Calling Guarantor 'Director' In SARFAESI Notice Doesn't Invalidate Invocation: NCLAT - 2026-01-09

Subject : Civil Law - Insolvency and Bankruptcy

Calling Guarantor 'Director' In SARFAESI Notice Doesn't Invalidate Invocation: NCLAT

Supreme Today News Desk

NCLAT Upholds Personal Insolvency: SARFAESI Notice Invokes Guarantee Despite 'Director' Label

Introduction

In a ruling that prioritizes the substance of a demand notice over its form, the National Company Law Appellate Tribunal (NCLAT), Principal Bench in New Delhi, has dismissed an appeal challenging the initiation of personal insolvency proceedings against a guarantor. The tribunal, comprising Justice Mohd. Faiz Alam Khan (Member, Judicial) and Naresh Salecha (Member, Technical), held that describing a personal guarantor as a "Director" in a notice under Section 13(2) of the Securitization and Reconstruction of Financial Assets and Enforcement of Security Interest Act, 2002 (SARFAESI Act) does not invalidate the invocation of the personal guarantee. As long as the notice clearly demands payment of outstanding dues tied to the guarantee deed, it suffices to trigger liability.

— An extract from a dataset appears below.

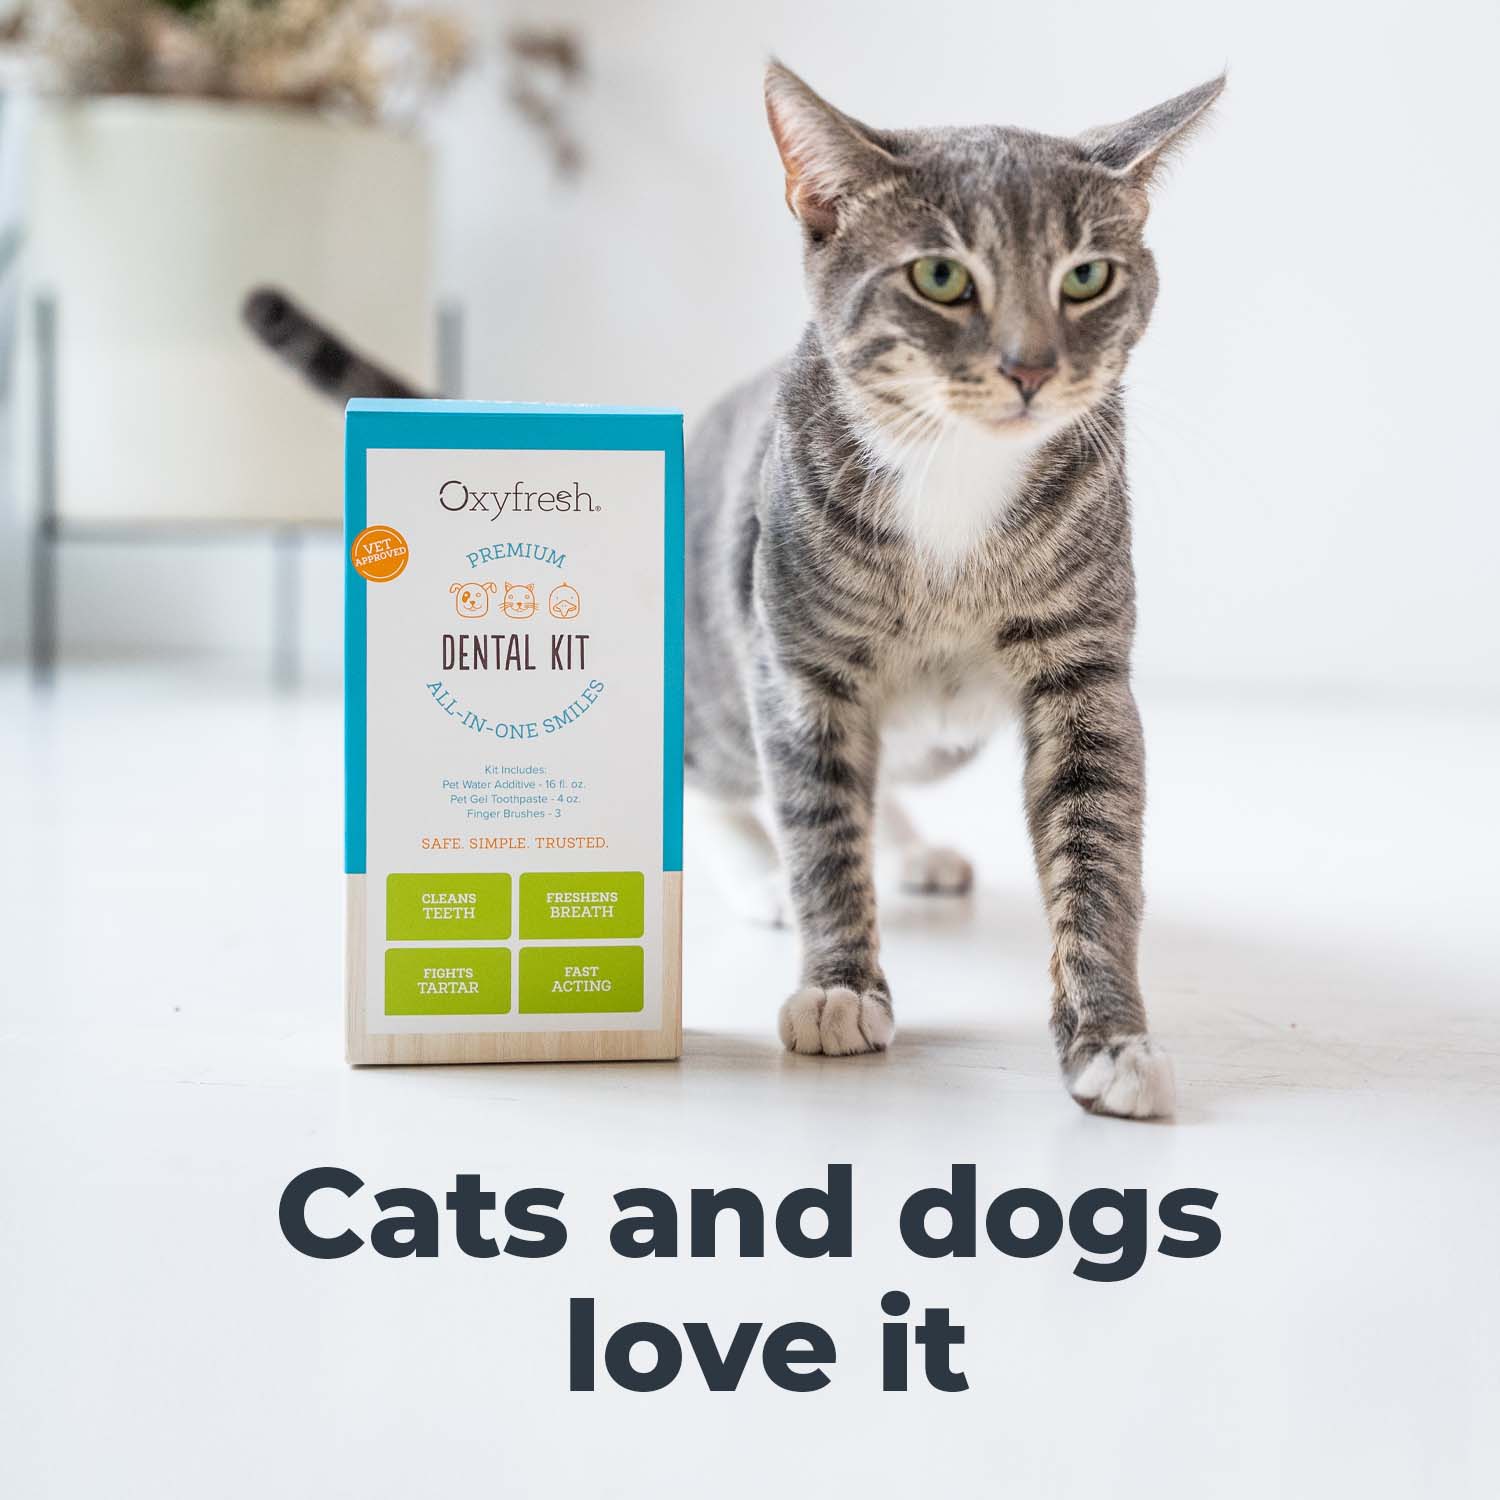 oxyfresh-dental-kit-cats-and-dogs-love-it

The case, Ujwal Gupta v. CFM Asset Reconstruction Pvt. Ltd. (Company Appeal (AT) (Ins) No. 2001 of 2024), arose from the insolvency resolution process against Gupta, a personal guarantor for loans availed by M/s Green World International Pvt. Ltd. (the Corporate Debtor). Originally filed by Union Bank of India under Section 95 of the Insolvency and Bankruptcy Code, 2016 (IBC), the petition was admitted by the National Company Law Tribunal (NCLT), New Delhi Bench-III, on September 10, 2024. During the appeal, the debt was assigned to CFM Asset Reconstruction Pvt. Ltd., which replaced the bank as the financial creditor. The decision reinforces creditors' ability to enforce guarantees efficiently, amid ongoing NCLAT trends in insolvency enforcement, including recent rulings on bid rigging penalties and project-specific insolvency limits.

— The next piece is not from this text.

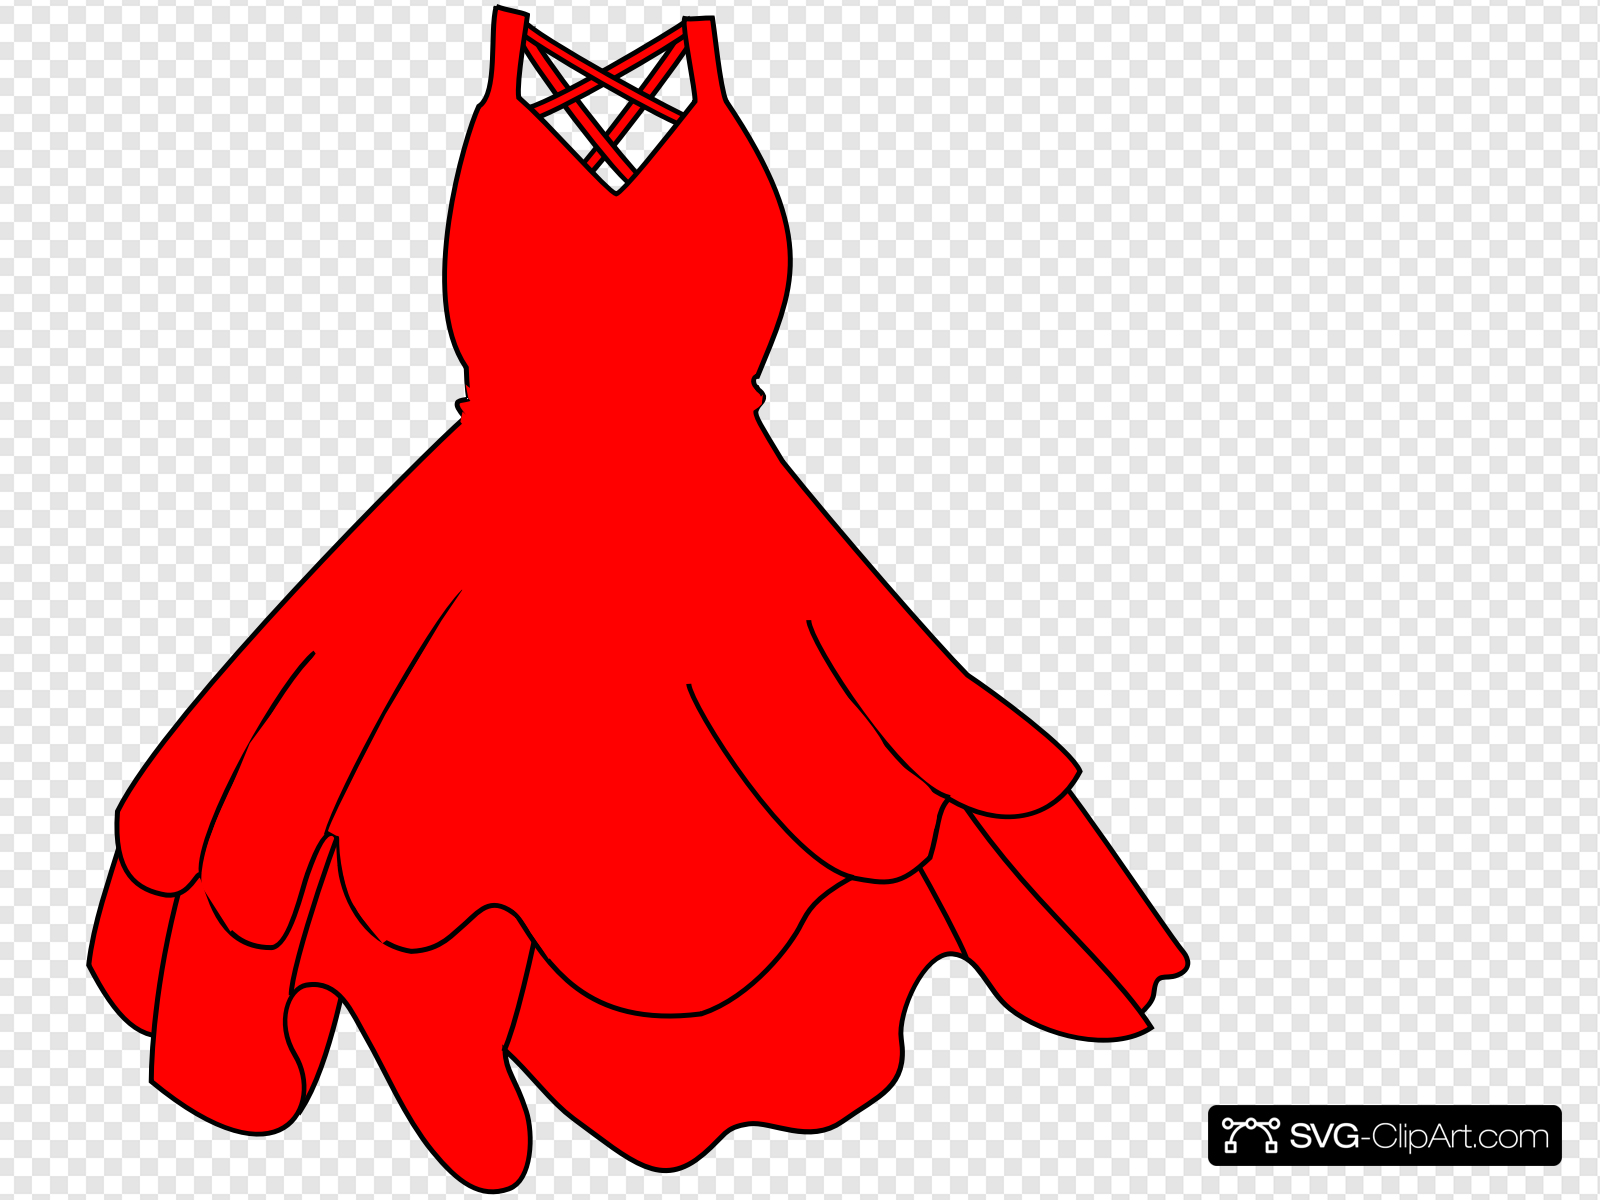 Red Dress Clip art, Icon and SVG

This outcome clarifies ambiguities in guarantee invocation, particularly for personal guarantors under the IBC framework notified in 2019, and underscores the tribunal's reluctance to entertain hyper-technical challenges in recovery proceedings.

Case Background

The dispute traces back to credit facilities extended by Union Bank of India to the Corporate Debtor, M/s Green World International Pvt. Ltd., a company engaged in business activities. On February 19, 2013, the bank sanctioned loans, including cash credit and term loans, secured by assets and personal guarantees. Ujwal Gupta, the appellant and son of co-guarantor Radha Raman Gupta, executed a deed of guarantee on March 1, 2013, agreeing to jointly and severally discharge all liabilities of the Corporate Debtor, including future advances, interest, and charges. The guarantee was a continuing one, payable "two days after demand," with provisions for notice delivery via personal service, post, or even newspaper advertisement if the guarantor was unreachable.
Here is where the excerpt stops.